When the vigilant secretary found we were not direct constituents, we were told the Senator was busy—in conference, in committee, meeting an arriving delegation. Would we come back later, tomorrow, next week? Always we came back promptly and on the dot. For months it was almost impossible to see any of them. Often as many as forty calls were made, and if we succeeded in getting two interviews, we considered that a good day’s work. When finally we did reach them, few of the younger, still fewer of the older, Senators knew what we were talking about. When we were able to make this clear, young and old alike, just as in the state legislatures, were full of fears—fear of prejudices, fear of cloakroom joshings, mainly fear of Catholic opposition.

Though Senator Norris had approved the repeal bill, he believed that ours had a better chance of passing because antagonism to the former was even greater than in 1926. He himself had Muscle Shoals and the Lame Duck Amendment on his hands and several more pet projects to boot, and suggested we get somebody to introduce the bill who would not be up for re-election. Our choice fell on Senator Frederick Huntington Gillett of Massachusetts, for years Speaker of the House, and now about to retire. He was a gentleman born, gray-haired, typically New England, without children or any particular philosophy regarding birth control. Our Southern helpers, notably Mrs. J. B. Vandeveer, were persistent and determined. They would not be put off with polite, routine dismissals, but asked point-blank, “Will you introduce this bill for us?” Senator Gillett, recognizing their earnestness, agreed. But we heard no more of it.

When I returned at the next session of the same Congress someone remarked, “Aren’t you lucky to have had your bill introduced?”

“What?” I stared with wide-open eyes.

“Yes, Senator Gillett remembered it a few days before the session closed.”

I called on him at once. “Where’s our bill gone?”

It had gone nowhere. “We’ll just send it around to the Judiciary Committee,” said the Senator. “Norris is Chairman and he’s friendly. He’ll pick out a good sub-committee for you.”

We gathered our witnesses together the night before the hearing, which was to be February 13th, and asked, “What do you want to say? How long do you want in which to say it?” We had eight people to testify in the space of two hours; moments had to be carefully parceled out to each. We were permitted to deduct ten from our allotment the first day to be used the following one for a rebuttal.

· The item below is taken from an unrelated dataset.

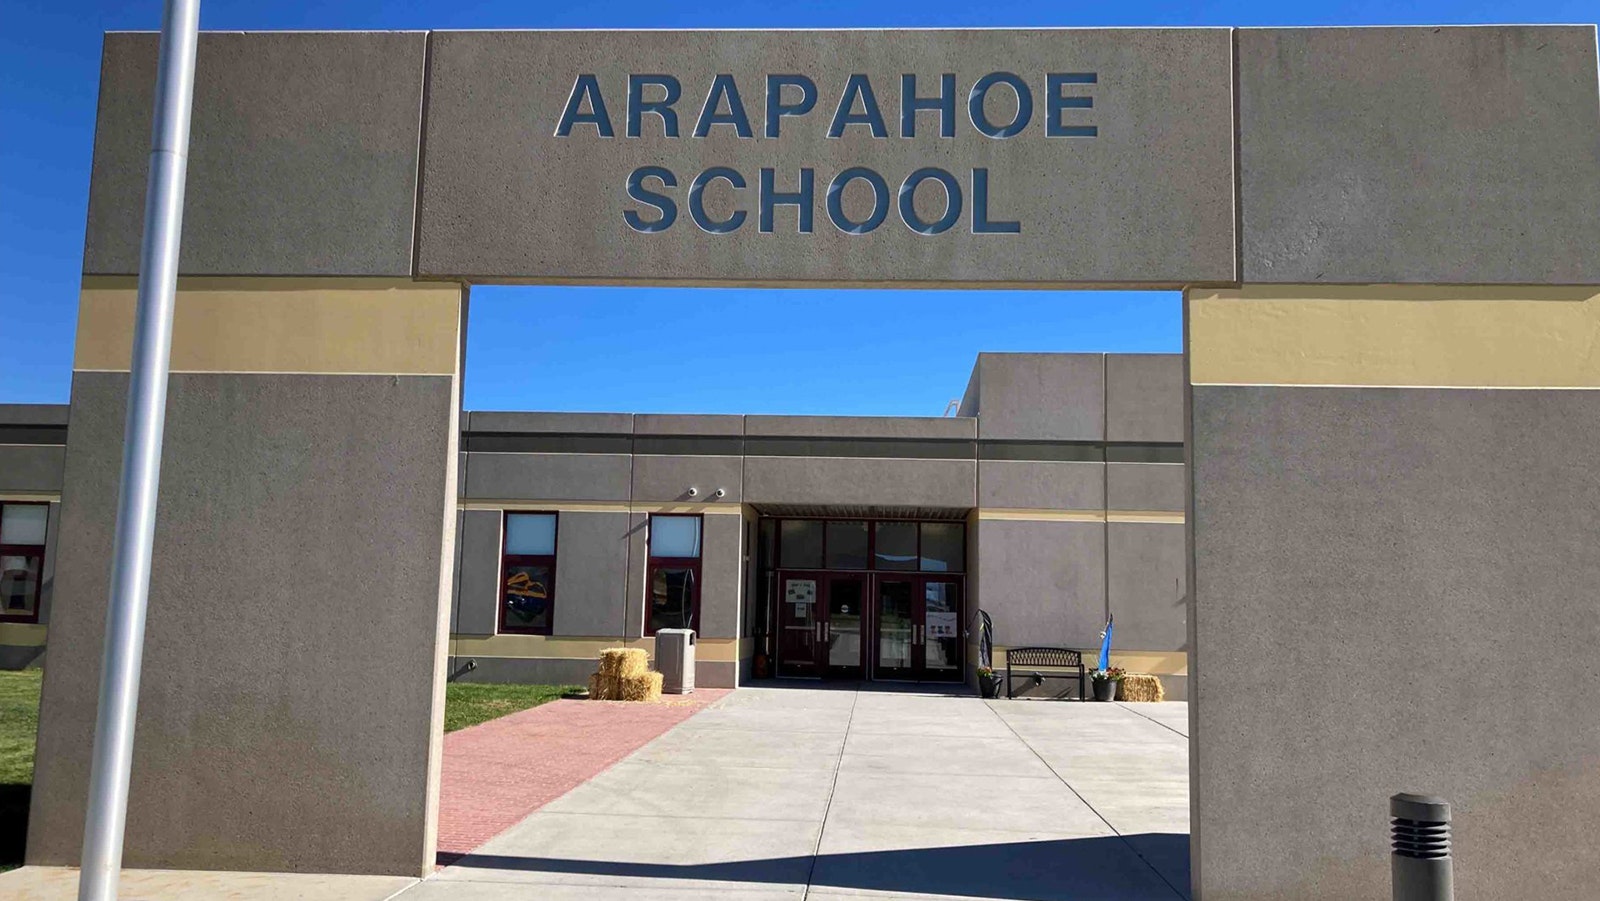 Arapahoe School front 7 21 23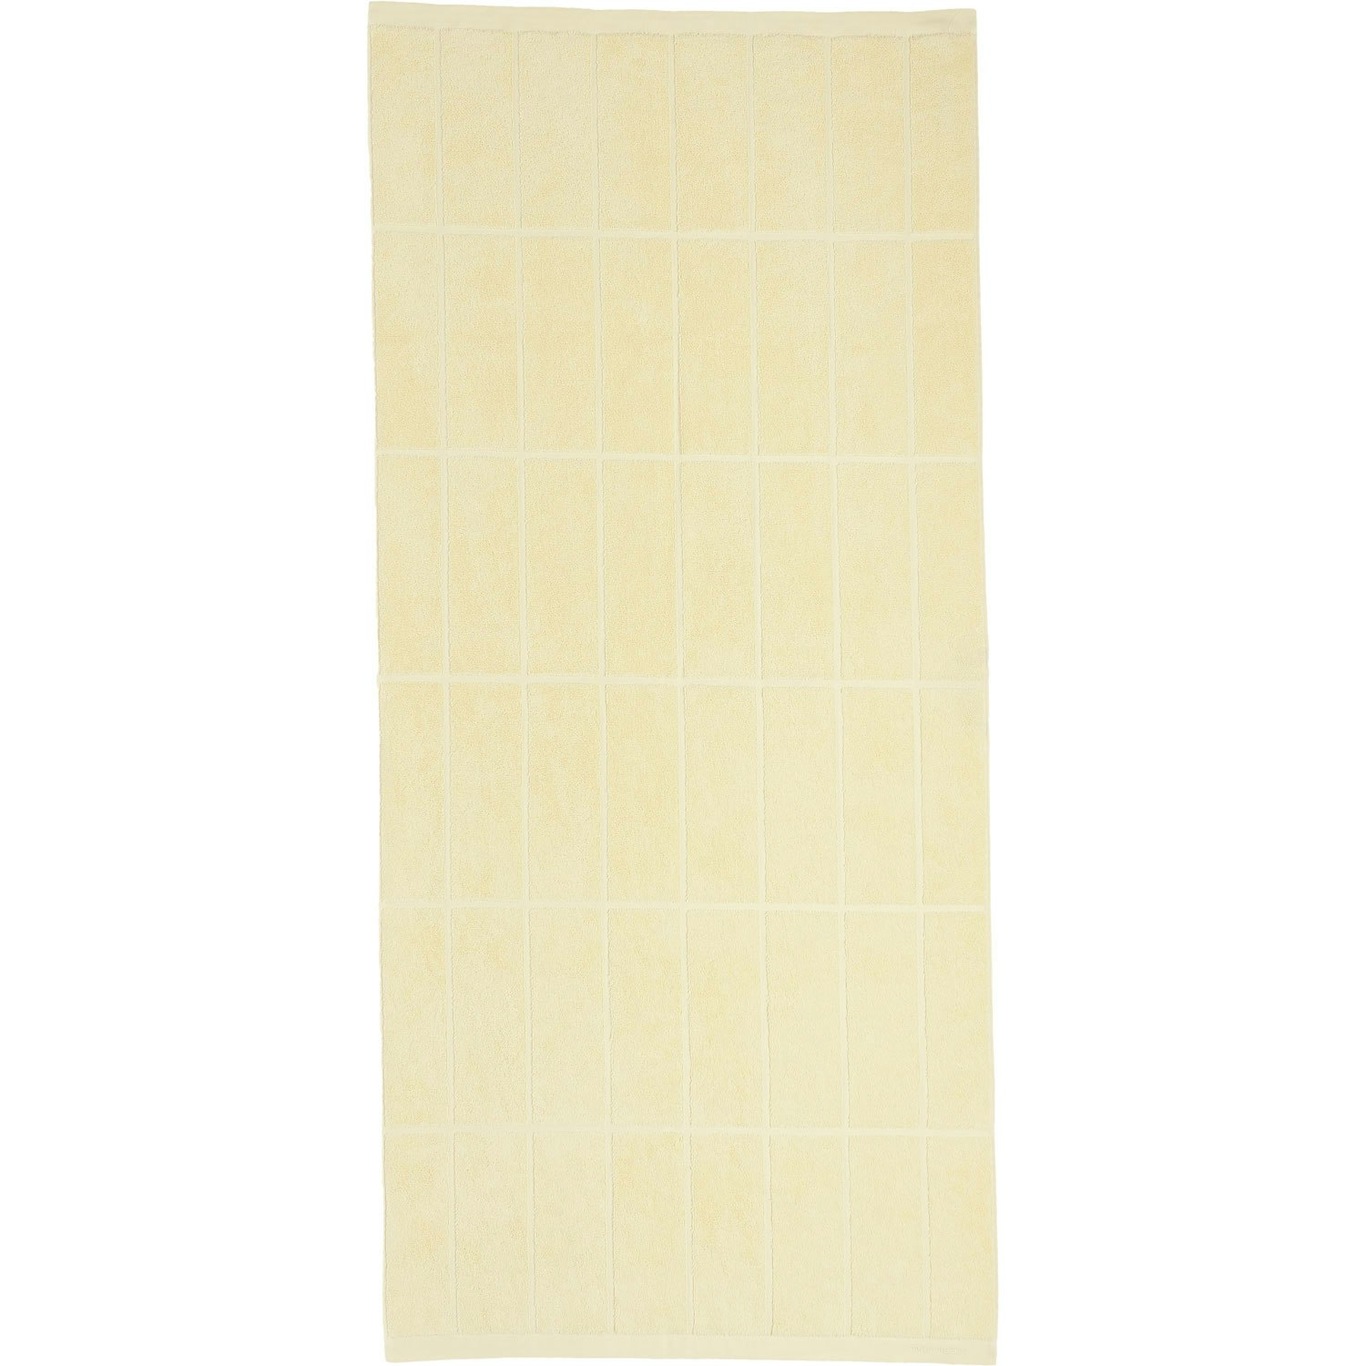 Tiiliskivi Håndklæde 70x150 cm, Butter Yellow

William E. Borah of Idaho and Sam G. Bratton of New Mexico had been assigned to us with Senator Gillett, but Borah did not appear. The audience, mostly women, crowded the committee room, imposing with marble pillars, glossy mahogany, gleaming windows.

Dr. John Whitridge Williams, obstetrician in chief of Johns Hopkins, summed up the medical evidence for birth control. “A doctor who has this information (prevention of conception) and does not give it cannot help feeling he is taking a responsibility for the lives and welfare of large numbers of people.” The Reverend Charles Francis Potter, founder of the Humanist Society of New York, discussed the moral phase. “The bird of war is not the eagle but the stork.” Professor Roswell H. Johnson, then at the University of Pittsburgh, stressed eugenics. “Most intelligent, well-informed people ... are so determined in this (spacing children) that no laws yet devised succeed in forcing a natural family, which is about eighteen children, upon them.” Rabbi Sidney Goldstein dealt with religious aspects. “The population is not made up of those who are born but is made up of those who survive.” Professor of Sociology Henry Pratt Fairchild spoke from the economic point of view. “We human individuals cannot break laws of nature. We can, however, choose which of her laws we see fit to obey.” Mrs. Douglas Moffatt announced that the twenty-seven hundred members of the New York City Junior League were overwhelmingly in favor of the bill.